由于食滞胃脘而胃不和则卧不安导致的神经衰弱多缘于饮食不节,食积不化,停滞胃脘,气机阻滞,胃气上逆所致。治以消食破积,导滞和胃。保和丸为其代表方。

例4、谭女,35岁1990年3月23日初诊。自诉:夜不能寐,脘腹胀闷两周余,周身乏力,记忆力明显减退,西医诊为神经衰弱,以西药调节神经,及神经衰弱丸治疗罔效。刻诊:失眠,仅天明前入睡2-3小时,头晕烦燥;不思食,食则欲呕,嗳腐吞酸,口气秽热;大便粘滞,日2~3行,但所下不多,秽臭难闻;舌红,苔黄厚腻,脉滑数。心脑治疗仪提示:①脑血管紧张度增高;②神经衰弱。证属食滞蕴热,胃气不和。治以破积导滞,消食和胃。凉膈散和保和丸化裁。处方:焦四仙40克,炒莱菔子30克,枳实、黄芩、连翘、鸡内金、厚朴、藿香、佩兰各10克,半夏、茯苓、陈皮各12克。水煎日服一剂。
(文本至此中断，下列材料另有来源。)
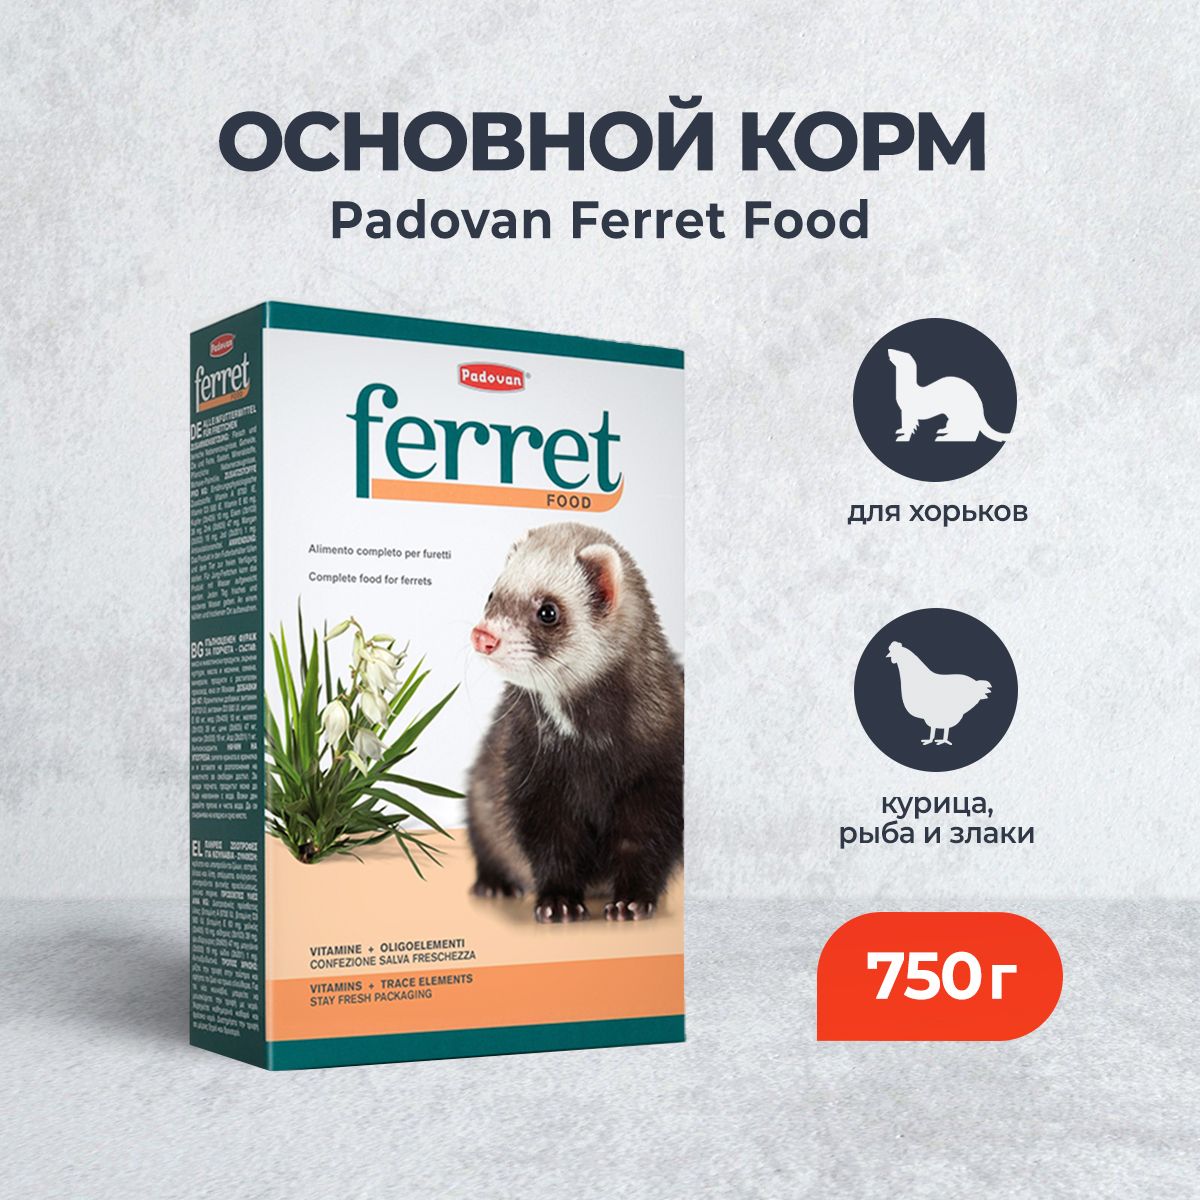 Padovan Ferret Food комплексный основной сухой корм для хорьков - 750 г -  купить с доставкой по выгодным ценам в интернет-магазине OZON (674897010)

5剂寐安,余症均瘳。

五、腑实肠壅

由于腑实肠壅而胃不和则卧不安导致的神经衰弱,多缘过食辛热,胃热与情志郁火相并,大肠液亏失调,传导阻滞所致。治以通腑降逆,承气汤为其代表方。

例5、张女,48岁,1986年3月28日初诊。自诉:失眠、腹胀年余。西医诊为更年期综合征、神经衰弱,以更年安、更年康、及调节神经药物和神经衰弱丸治疗不效。刻诊:体壮丰肥,夜难入寐,辗转反侧,目光呆滞,少言寡语,喜太息;1年来大便不畅,常3~4日1解;刻下大便4日未行,腹胀,鼓之如鼓,按之无明显块;口气热秽;舌红,苔黄腻,脉滑数有力。心脑治疗仪提示:①脑供血不足;②神经衰弱。证属腑实肠壅,热结胃腑。治以开壅导滞,宣上荡下。大承气汤加味。处方:大黄(后下)、芒硝(冲)、枳实、厚朴各10克,紫菀、桔梗、升麻、荷叶各8克,莱菔子30克。水煎日服一剂。一剂下燥屎十多枚,粘腻便两次,是夜寐安。减其剂,继用3剂,诸症均愈。

六、中焦痞结

由于中焦痞结而胃不和则卧不安导致的神经衰弱,多属脾虚胃弱,寒热留恋;或表证误下伤中,阴阳、升降失调,寒热互结所致。治以散结消痞,降逆和胃。半夏泻心汤和黄连汤为其代表方。

例6、杨女,46岁。1990年5月14日初诊。自诉:失眠、腹胀便溏3月余。脑部检查提示:①脑动脉轻度硬化;②脑供血不足。服谷维素、维生素C、维生素B1、安定片及神经衰弱丸治疗不效。刻诊:失眠,萎靡,头晕胀痛,记忆力锐减;脘痞,纳差,食则欲呕,肠鸣便溏,日2~3次;舌淡,苔薄白,脉弦滑。肝功能正常。证属寒热痞结,胃气不和。治以调中散结,消痞和胃。半夏泻心汤化裁。处方:半夏、党参、黄芩、黄连各10克,干姜、桂枝、甘草各8克,大枣5枚。水煎日服1剂。3剂即能安寐5小时许,余症悉减。原方加龙骨、牡蛎(二药先煎)各15克,炒枣仁、远志、夜交藤、合欢花各10克,继服3剂,病遂愈。

七、中焦虚寒

由于中焦虚寒而胃不和则卧不安导致的神经衰弱,多缘素体中阳不足,或过食生冷,寒凉之物戕伤中阳,阳虚阴盛,浊阴扰胃所致。治以温阳建中和胃。黄芪建中汤为其代表方。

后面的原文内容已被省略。